Masalah Komunikasi dan Gangguan Jiwa
Banyak masalah perkawinan dikaitkan dengan masalah komunikasi yang buruk antara suami dan istri sehingga akhirnya mereka merasa tidak ada lagi kecocokan satu sama lain. Pertanyaannya adalah mengapa komunikasi yang begitu baik pada awal mula pacaran sampai ke pernikahan sekarang menjadi buruk? Memang ketika jatuh cinta (kejadian yang tidak dapat dikendalikan oleh kita) segalanya menjadi indah dan komunikasi macam apa pun akan selalu ‘lancar’ tetapi ketika sama-sama berkomitmen untuk tetap saling mencintai (kejadian ini harusnya dapat dikendalikan secara sadar oleh kita karena mencintai adalah pilihan) seharusnya sudah dapat mendeteksi masalah ‘plus dan minus’ dari komunikasi tersebut! Menikah adalah komitmen untuk memilih saling mencintai ‘partner’ kita untuk mencapai ‘goal’ bersama di hari tua.

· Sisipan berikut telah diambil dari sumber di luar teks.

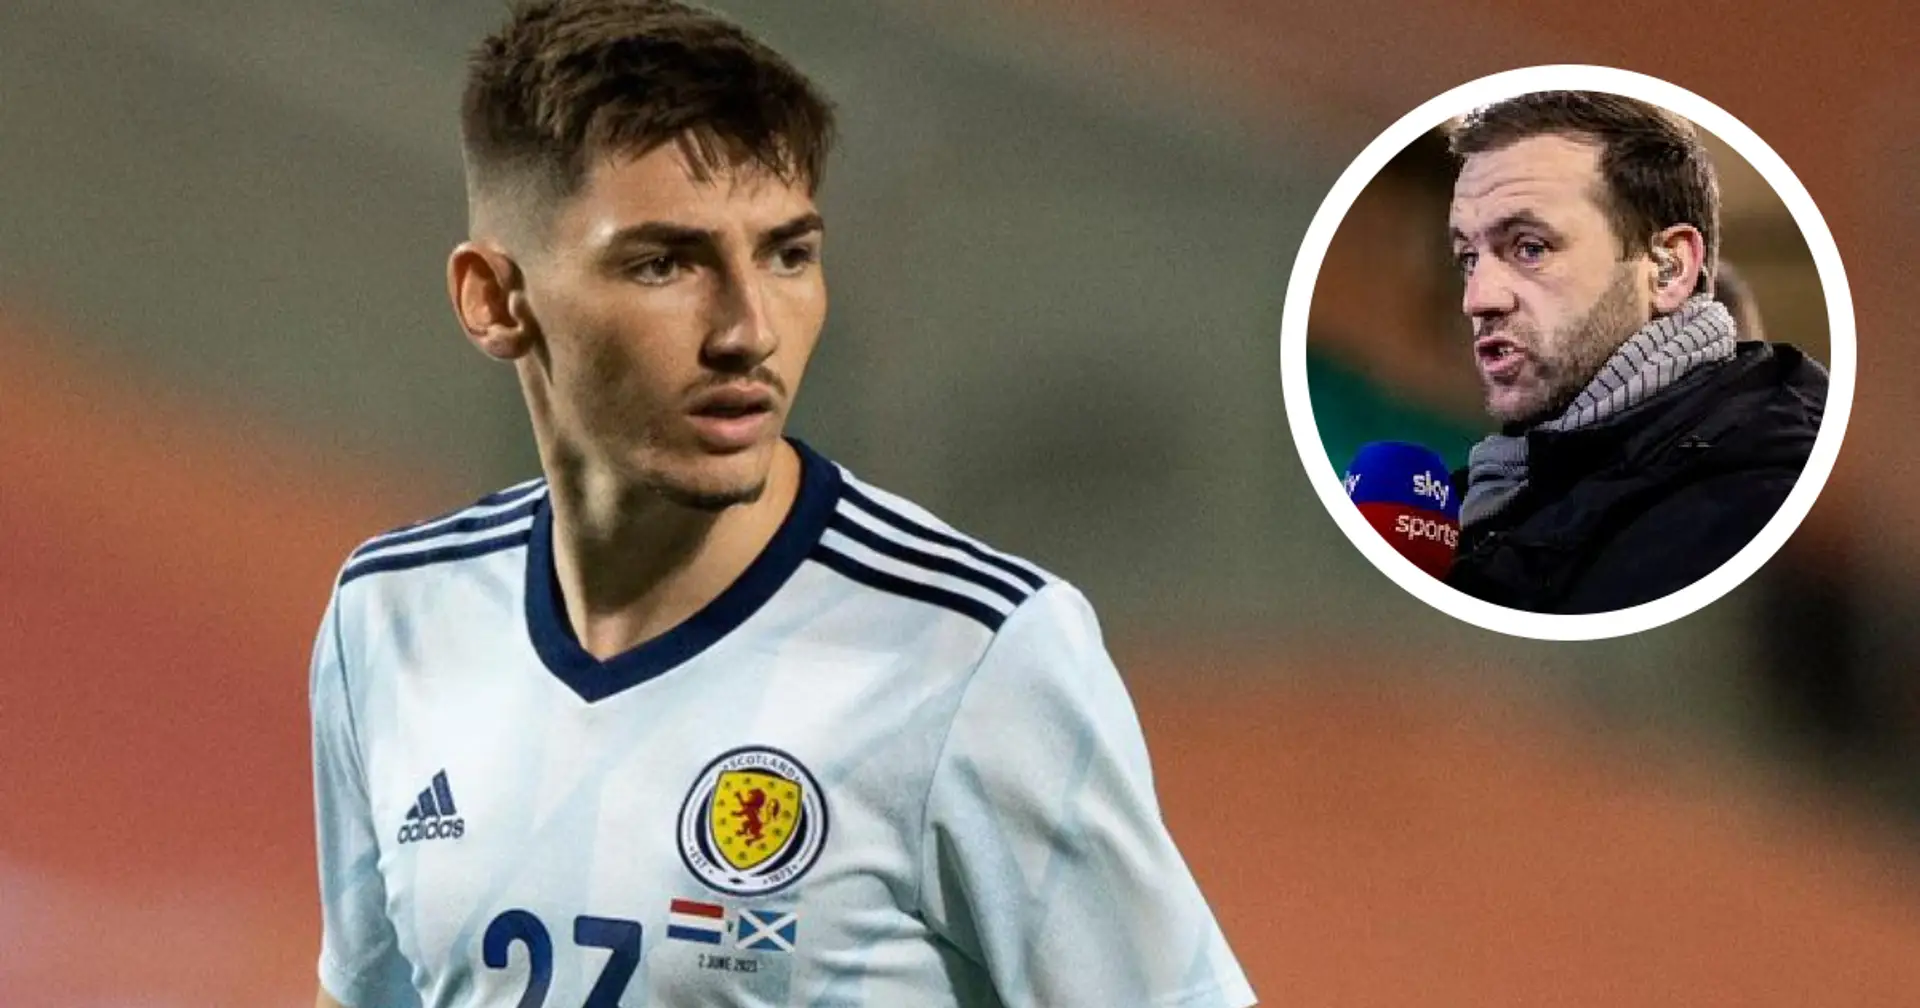 'Magnificent': Ex-PL player McFadden showers Chelsea loanee Gilmour with praise for Scotland performance

Mengapa komunikasi ini menjadi buntu? Bertolak dari definisi Badan Kesehatan Dunia (WHO) tentang kesehatan mental yaitu: Perasaan sehat dan bahagia, mampu menghadapi tantangan hidup, dapat menerima orang lain apa adanya dan bersikap positif terhadap diri sendiri dan orang lain maka jika kita tidak dapat menerima pasangan apa adanya bisa jadi dikarenakan faktor-faktor seperti:

1. Salah satu pasangan atau keduanya mengalami gangguan jiwa, baik yang memang gangguan karena faktor genetik (skizofrenia, bipolar, paranoia) dan lingkungan (depresi dan cemas akibat gangguan penyesuaian lingkungan) maupun gangguan jiwa yang dibuat sendiri seperti memakai narkoba dengan alasan untuk mencari kebahagiaan.
2. Gangguan kepribadian juga berperan penting dalam hubungan suami dan istri. Gangguan kepribadian yang sering menyebabkan “perang dunia” adalah gangguan kepribadian narsisitik yang merasa dirinya paling benar dan spesial sehingga selalu perlu didahulukan karena merasa dirinya lebih penting, gangguan kepribadian histrionik yang tak pernah cukup minta diperhatikan oleh pasangannya, gangguan kepribadian anankastik yang selalu mencari dan menuntut kesempurnaan bagi dirinya sendiri dan pasangannya. Jika salah satu atau kedua individu sudah terserang gangguan kepribadian ini maka tidak ada satu orang pun pasangannya yang akan ‘tahan’ hidup bersama lagi. Sebenarnya gangguan ini sudah tampak bila diperhatikan secara cermat sejak masih masa pacaran dahulu, walaupun dalam satu dua kasus ada pasangan yang pandai menyembunyikan dirinya sebelum perkawinan.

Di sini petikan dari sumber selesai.